I need a working bundle.Best Skill StacksIt groups multiple skills into realistic operating bundles.
I need browser automation.MCP browser automationBrowser control is one of the clearest cases where MCP tooling becomes an agent skill.
I need interactive UI, not only tool calls.MCP AppsMCP Apps let servers return UI components, so the skill contract must include view, action, and review boundaries.

Concept

Server plus workflow equals skill

An MCP server exposes capabilities, but a useful agent skill also describes the context, decision rules, validation steps, and safe stopping points.

  • MCP server: the technical interface.
  • Agent skill: the reusable operating pattern.
  • Skill stack: multiple skills combined for a larger workflow.
  • Guide page: the human-readable rollout and review layer.

Protocol primitives

Tools, resources, and prompts need different guardrails

MCP servers are useful because they can expose actions, context, and reusable workflow templates. Agent skill documentation should name the primitive being used because each one creates a different operating risk.

  • Tools need input validation, action budgets, and rollback notes.
  • Resources need access boundaries, freshness labels, and source trust checks.
  • Prompts need expected arguments, example outputs, and review conditions.
  • Mixed workflows need a handoff rule so context retrieval does not silently become write access.

First picks

Start with high-frequency workflows

The best first MCP agent skills are the ones that remove repeated manual handoffs without giving the agent unnecessary authority.

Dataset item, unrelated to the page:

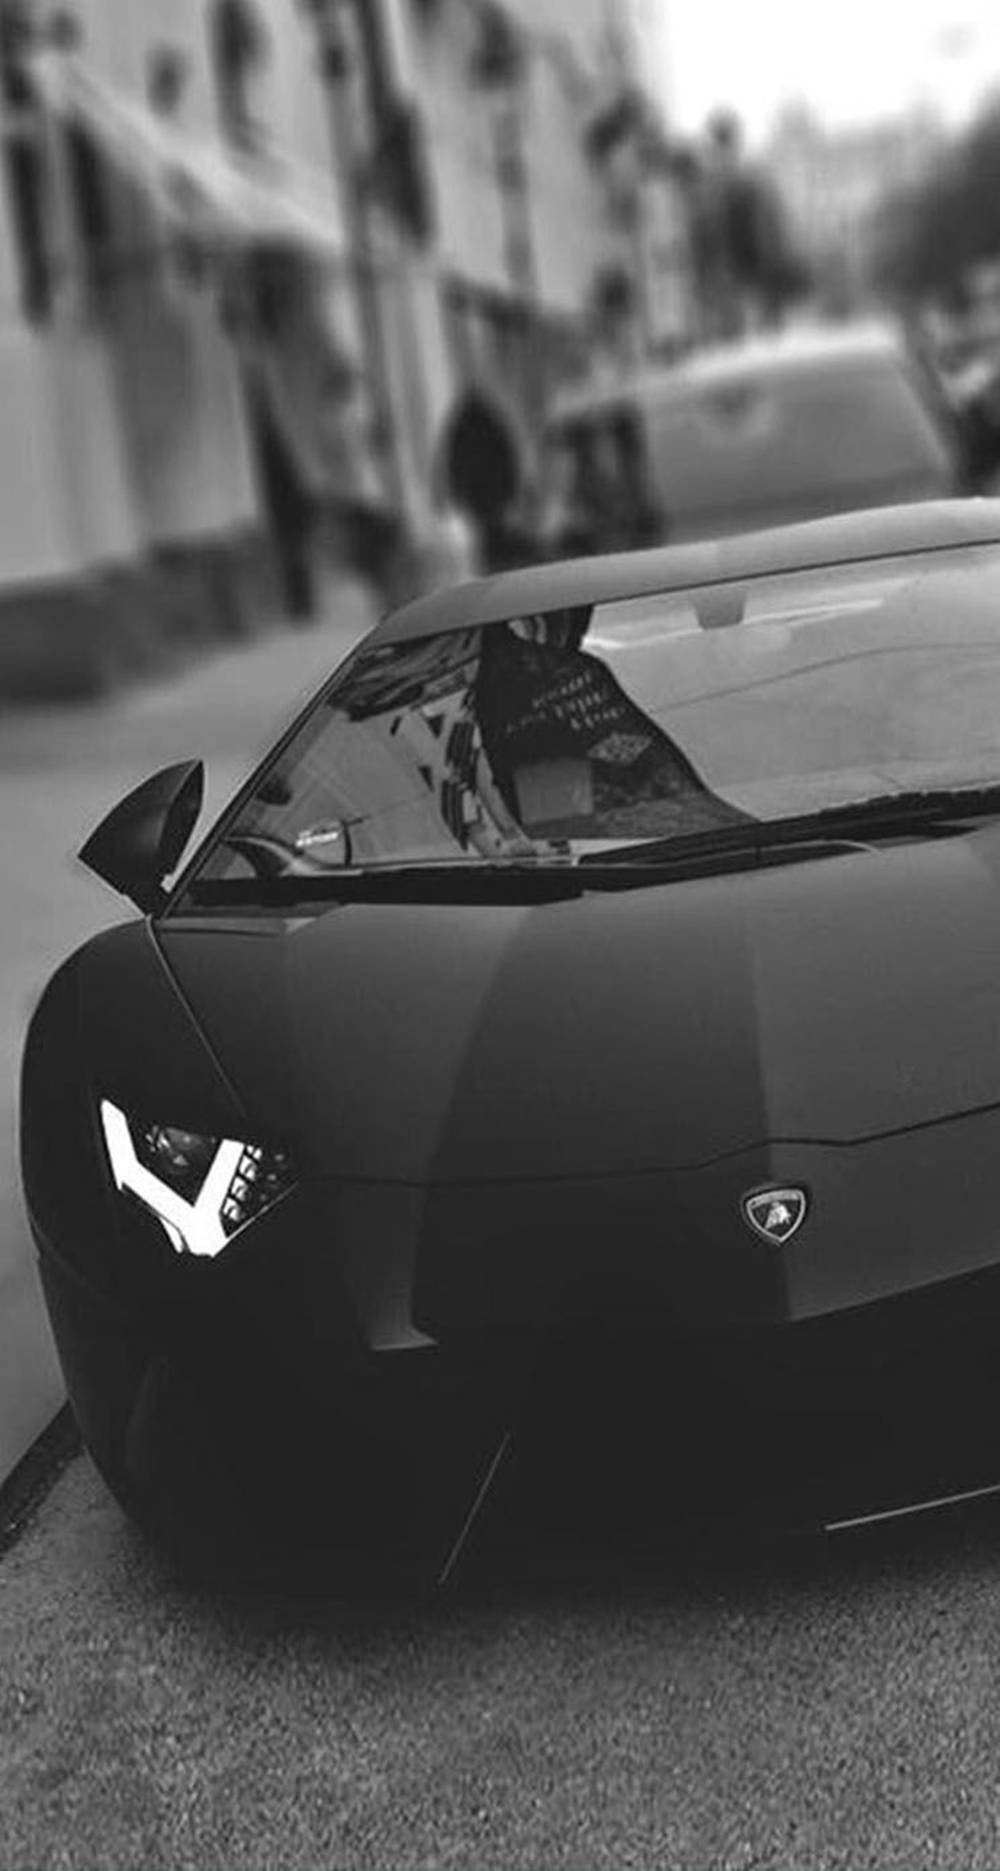 Stunning Iphone Lamborghini Display Background

  • GitHub issue triage and PR context retrieval.
  • Database schema inspection without broad write access.
  • Browser screenshots for UI evidence and regression checks.
  • Documentation lookup across local or trusted sources.

May 30 update

Interactive MCP Apps change the skill contract

MCP skills are no longer only text tools and config snippets. When an MCP App can render an interactive view inside a client, the skill needs UI-specific checks in addition to normal tool permission review.

  • State whether the workflow is text-only, tool-action based, or UI-assisted.
  • Require evidence for UI state, selected records, and final action before mutation.
  • Keep source retrieval separate from write actions when a view exposes buttons or forms.
  • Use screenshots, logs, or structured output as verification evidence for interactive flows.

Skill contract

Write the contract before adding more servers

Directory competitors are good at listing servers, but production teams need a skill contract: purpose, allowed tools, credential scope, evidence, owner, and stop condition. This prevents a catalog from becoming an unmanaged permission bundle.

  • Purpose: the repeated workflow the agent is allowed to run.
  • Allowed primitives: tools, resources, prompts, or a scoped combination.
  • Evidence: logs, screenshots, diff output, test results, or source citations.
  • Stop condition: when the agent must ask for review instead of continuing.

Review

Use a safety checklist before rollout

Every MCP skill should have a permission model, a credential story, and a rollback path. The review should be short but explicit.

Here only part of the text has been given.